In happier news, tonight we have the annual dinner for Media Studies seniors at the Villa Romana in San Francisco. That's where we had it last year, and I thought it a big success. I don't think students want their senior years to dribble away in a series of fragmented moments. This will be a pause, a signpost. Friends will be embraced. Faculty will be honored.

The last week of my own senior year of college went by well enough without such a moment, I recall. From one point of view, that last week was one big moment, a great holding of breath. E. and I had been secretly married for six months, and if that fact had emerged, even at the last minute, I would have been tossed out of school, and my lovely fellowship at Duke lost as well.

You may say: secretly married? Expelled??!! There you have Whooping Jesus Bible College in a nutshell, and why my memories are less than fond.

I'd already been expelled once my senior year, for having a roommate whose oil lamp set the room on fire. Not ciggies. Certainly not the dopeawanna, of which I knew nothing. It was just an oil lamp that turned over on his desk when we were out of the room.

What I remember -- my signpost -- from those final days is the night before graduation. (E. was driving in from Detroit the next day; we would announce our marriage to our parents in the parking lot outside the gym immediately after I had my degree in hand.)

Carl Haaland suggested we drive down to Ball State in Muncie to see a student production of Christopher Fry's "The Lady's Not for Burning."

In his car. In that vintage Volvo. I considered him quite the sophisticate.

I remember the play and then the drive back through the dark Indiana countryside afterwards, remember it so clearly. Carl and I talked about the future, and its uncertainty, but also how it was going to be okay, Vietnam or not. (As it turned out, Carl went. I didn't.)

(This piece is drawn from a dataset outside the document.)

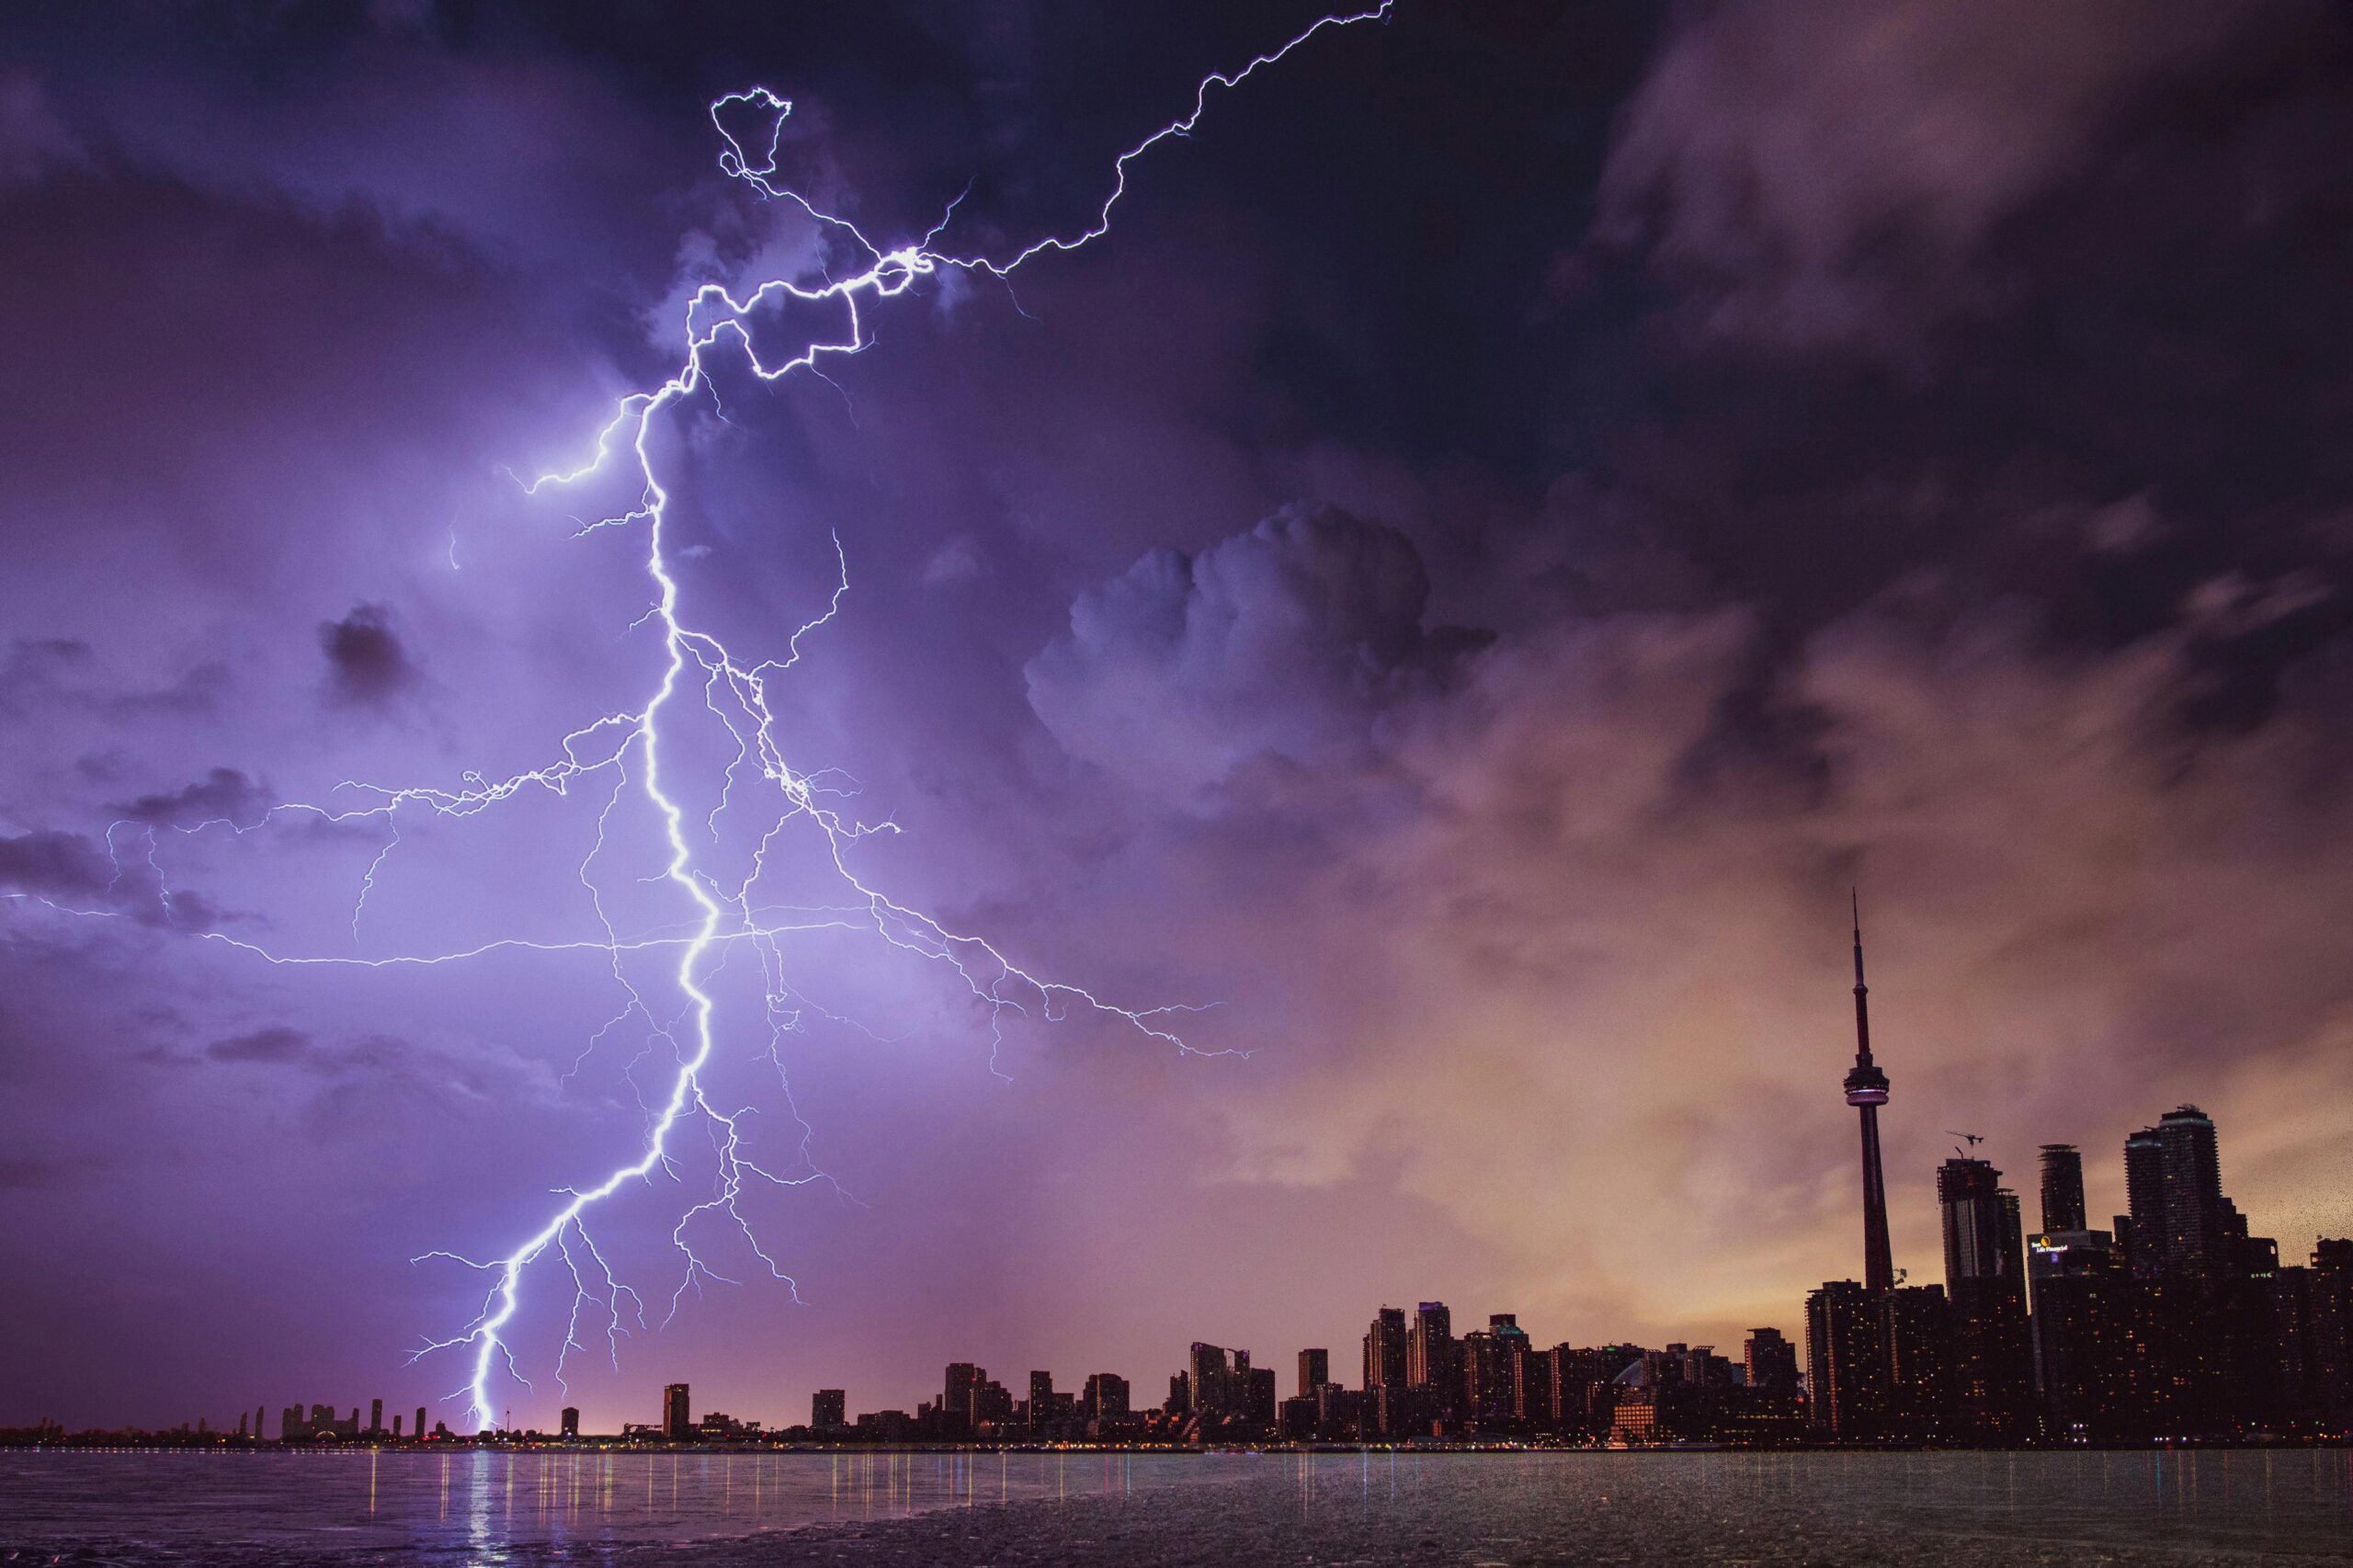 Lightning hitting lake Ontario during a thunderstorm in Toronto.

I thought about telling him E. and I were secretly married, but ... no. No point showing off, and he was a pretty religious fellow, Volve or not, maybe more than he let on. Still, this conversation, this good fellowship, has to mean something, I thought, because this is a moment meant to mean.

But it didn't. Fifteen years later, after I had got the rest of my degrees, lost a job, moved around, come here to work for the San Francisco Chronicle, I got a note from Carl. He and his family were going to be driving through, from Arizona on the way to Oregon, and he wanted to stop by.

I wrote back saying he was so very welcome. As long as he didn't talk about Jesus. Because I didn't talk about Jesus anymore. And I never heard from him again.